Every morning I wake up between 4:30 am and 5:00 am to meditate and get ready for the gym or to run and every morning at that hour, the darkness outside is profound, but just about an hour before daylight breaks, I begin to hear birds begin to sing.  They know, they simply know that daylight is coming and they intuitively begin to sing to welcome the day.  I want this kind of faith; that intuituve, not reasoned, faith that daylight will come shortly after the darkest hour.  In the last few weeks, this world has seen too much darkness, but I know that as each day comes, miracles are possible and life begins just when the hour is darkest.


Thursday, March 3, 2011

March - The Month of Faith

What can I say about faith and adventure that has not been said? Most likely nothing.
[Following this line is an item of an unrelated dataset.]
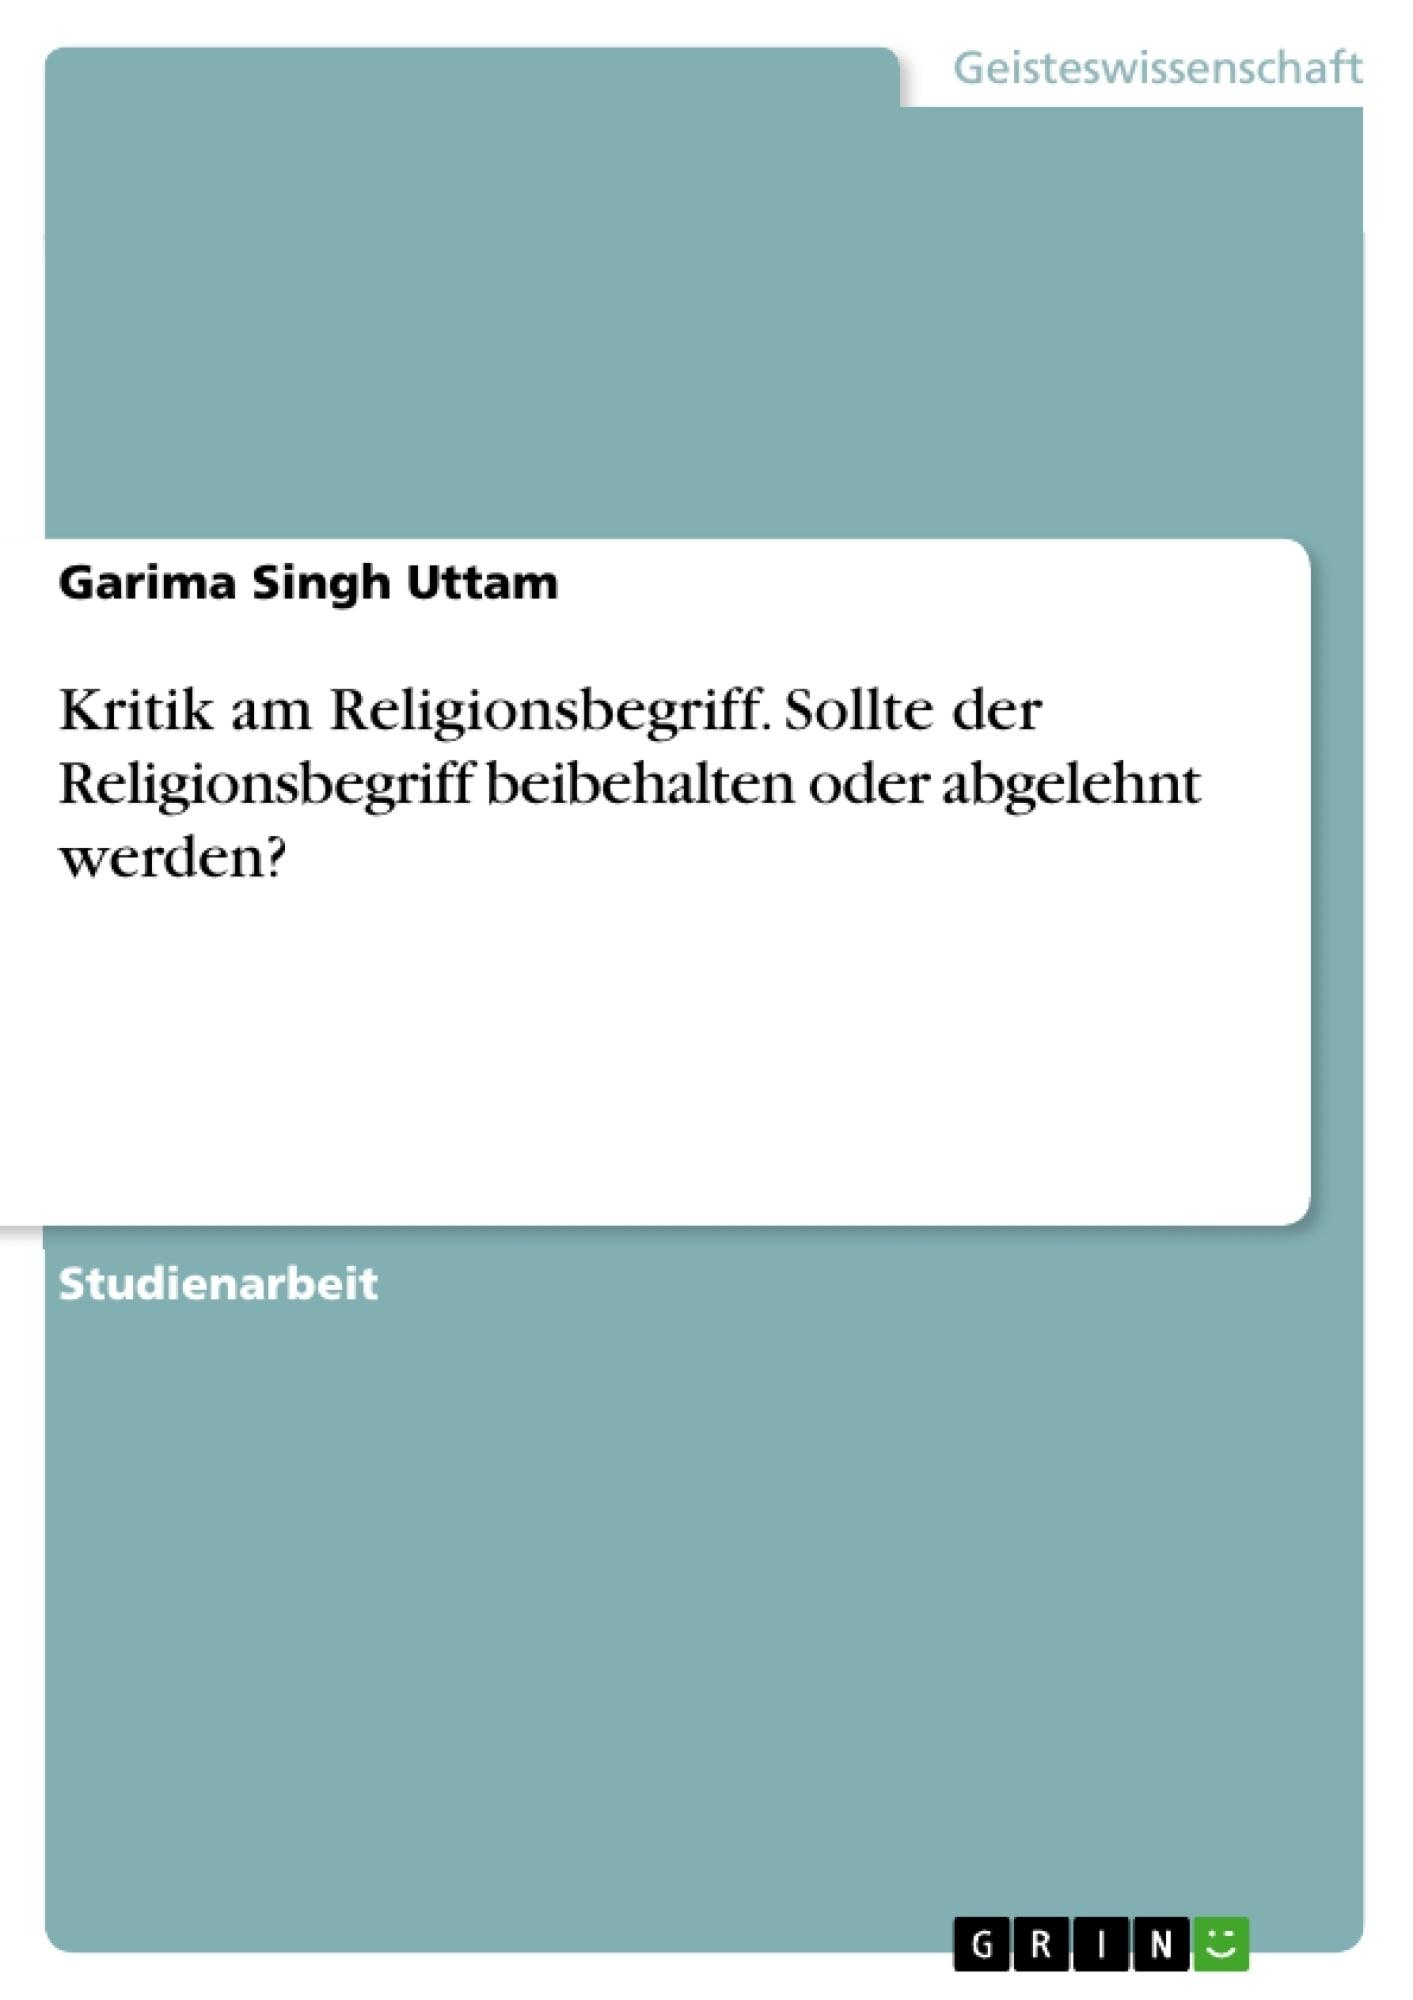 Titel: Kritik am Religionsbegriff. Sollte der Religionsbegriff beibehalten oder abgelehnt werden?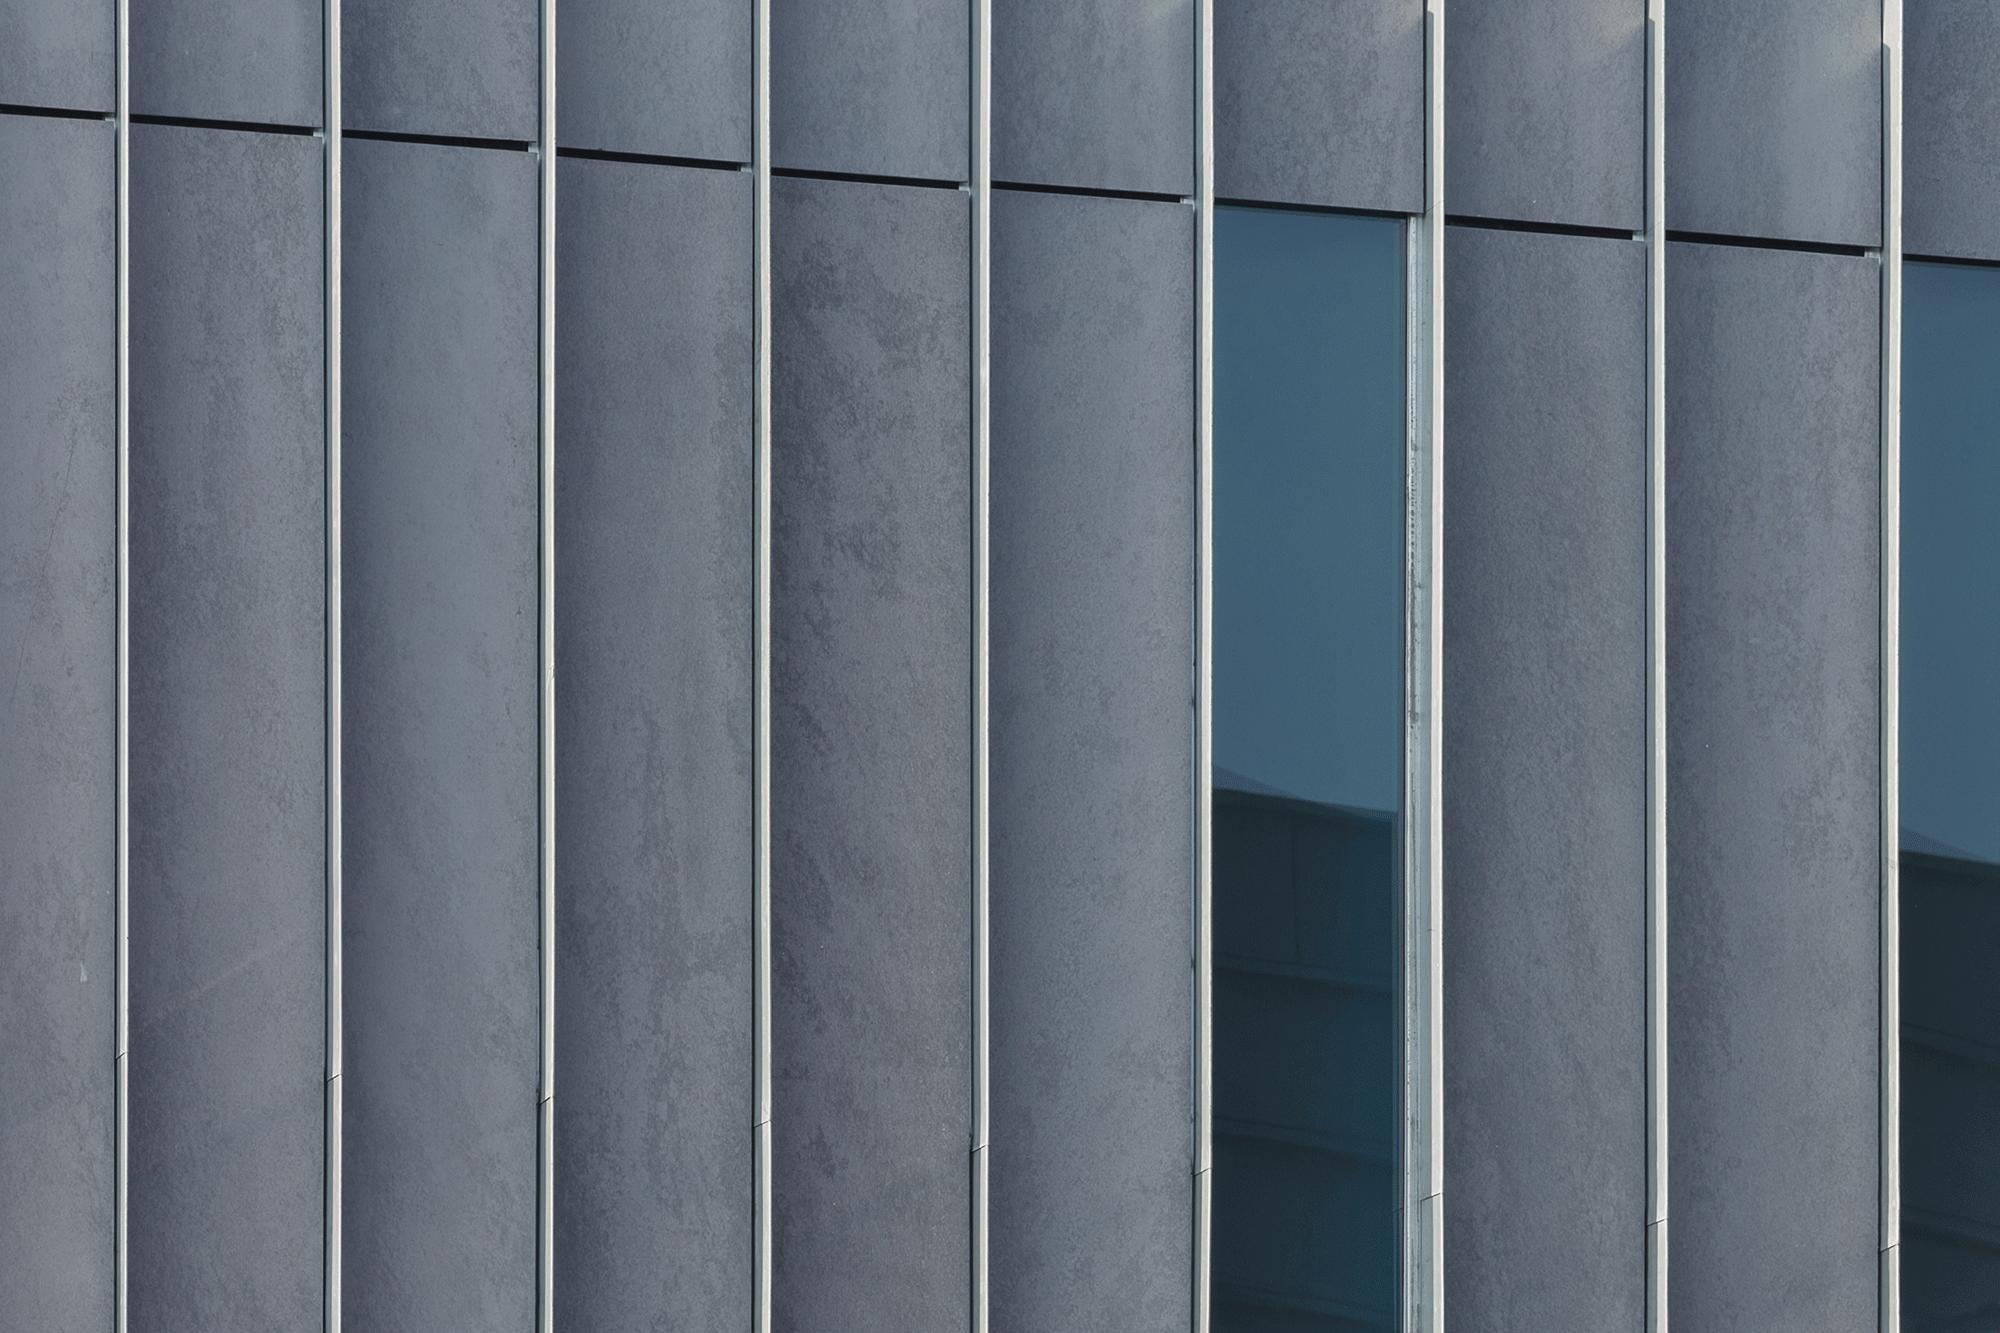 Design Potential Concrete Panel Facade Concrete Wall Panels Facade Material

But I believe that my understanding of faith is that it is hope with trust.  I was told that God asks only one thring of Him - TRUST HIM.  That's all. So, I decided that I would trust Him.  It seems that trust is a very good thing and that to trust someone is also a very, very good thing and that lack of trust is often at the root of my problems - lack of trust and lack of faith. 

10 years ago, I still had everything...a pretigious career, a life partner, a beautiful home, expensive car and lots of grown up toys...I did not have everything though.  I did not have trust in myself or anyone else.  I was loving but without trust.  Five years ago, I was sober...but I lacked faith. 

I had to lose everything tangible to find my faith.  I was in prison for 10 months and every day I woke up at 5:00 am and went out to the weight pile to lift weights and spend time with God where I could beg, beg Him for a miracle to send me home...to set me free. For over 5 months I prayed fervently to be set free and made many "fox hole" promises as I bargained for my independence.  Finally, a message came to me...

A voice in my head came to me that did not seem to be mine and it said "Steve, do you want to know why I sent you here?  Do you really, really want to know why you have to be here?"  I answered that I did.  The voice replied "Because I am sick and tired of your doubt, your doubt in yourself and your doubt in Me!" I then heard "I am sick and tired of your lack of faith in yourself and in Me...so I decided to allow you to go to the worst place that you imagined so that you can live through the worst that you can imagine and prove to yourself who you are and that I will protect you and I will help you, not only survive this experience, but, if you choose, I will help you thrive!"  I will finally force you to confront the truth of who you are - you can rise or you can fall - I am here and the choice is yours." That was the message I received and so I decided, "OK. Let's do this." I stopped praying to be set free and started praying for God's will to be revealed - what an adventure this has become.